From another perspective, we reviewed Tables 2 and 3 and compared the results obtained based on the databases. It is important to note that the highest accuracy on QUWI was 85% when texture features and ensemble classifiers were used for gender detection [30]. Meanwhile, the highest accuracy of 90% was obtained on the MSHD when SIFT descriptors, spatial pyramid matching, and ensemble classifiers were used for gender detection [39]. The highest accuracy of 94.79% on the ICDAR 2013 database was obtained when Gradient and WD-LBP features and SVMs were used for gender detection [27]. The highest gender detection accuracy of 97.1% was obtained on the FSHS using pen pressure, margins, and irregularity features [40]. Considering the IAM dataset, the highest accuracy of 84% was obtained based on InceptionV3, DenseNet201, and Xception feature extraction methods and CNN classifiers [48]. The highest accuracy of 76.17% was obtained on the KHATT database when B-ResNet was considered for feature extraction, and B-CNNs were employed for the classification [46]. It is worth mentioning that the traditional methods performed relatively better on QUWI, MSHD, FSHS, and ICDAR 2013 databases, whereas deep learning performed better on IAM and KHATT databases.

At the outset, it is important to note that deep learning achieved remarkable success in many research domains and applications. However, it is not a one-size-fits-all solution, and depending on the specific problem, dataset, resources, interpretability requirements, or domain expertise, traditional methods may still be preferred or even outperform deep learning approaches. Thus, there would be many opportunities for researchers in this field to expand the investigation and research on age and gender classification/detection problems using deep learning methods to obtain more accurate results.

7 Conclusion

This article presented a systematic and comprehensive review of age and gender classification/detection from handwritten documents. A general age and gender identification framework comprising pre-processing, feature extraction, and classification was provided and discussed in detail. The most commonly used databases, their number of samples, and the type of scrips were discussed. The methods in the literature were grouped into traditional and deep learning methods, and the results were compared accordingly. The KH Coder software was used for text mining purposes, and the trends of words in the literature were analyzed.

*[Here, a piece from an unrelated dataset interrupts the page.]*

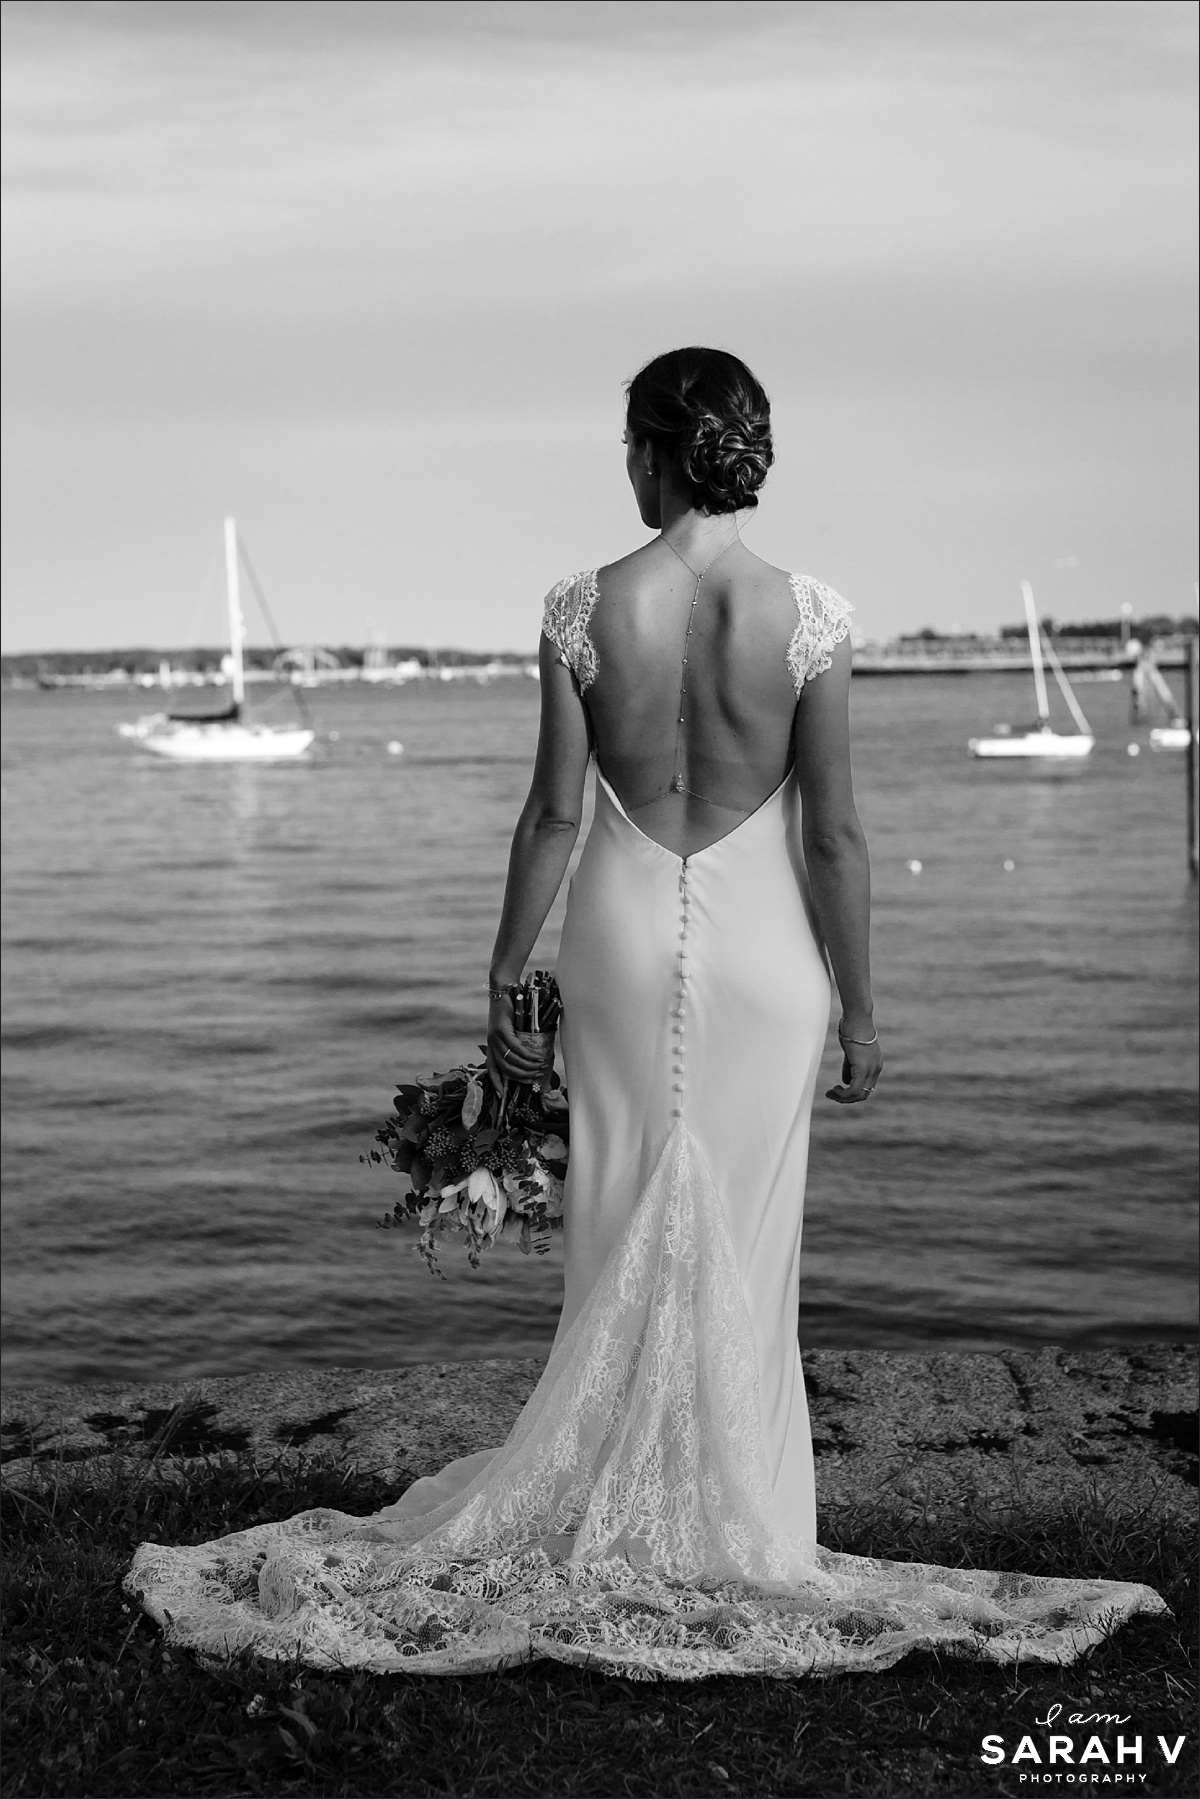 Portland Maine Wedding Photographer Cape Elizabeth Fort Williams Ocean Portland Company Photo / I AM SARAH V Photography

This study can bring the requirements of handwriting analyses to the attention of novice researchers and open a new direction for them. Although there has been considerable research on this area (age and gender detection from handwriting), it is still considered a challenging problem. Neither computerized analysis nor human experts achieved highly accurate results for these tasks. In further research on these problems, researchers can investigate the suitabilities of different kinds of features to characterize gender and age from handwriting and also explore feature selection techniques to identify the most appropriate features for these problems. These types of features would be beneficial, as the annotated datasets in these areas are still of small size. Deep learning, especially transfer learning and continuous adaptive learning, is another direction of research to improve age/gender detection accuracies. Synthetic data generation, data augmentation, and a combination of these methods may also be investigated by researchers in the future to explore different results and build plausible systems.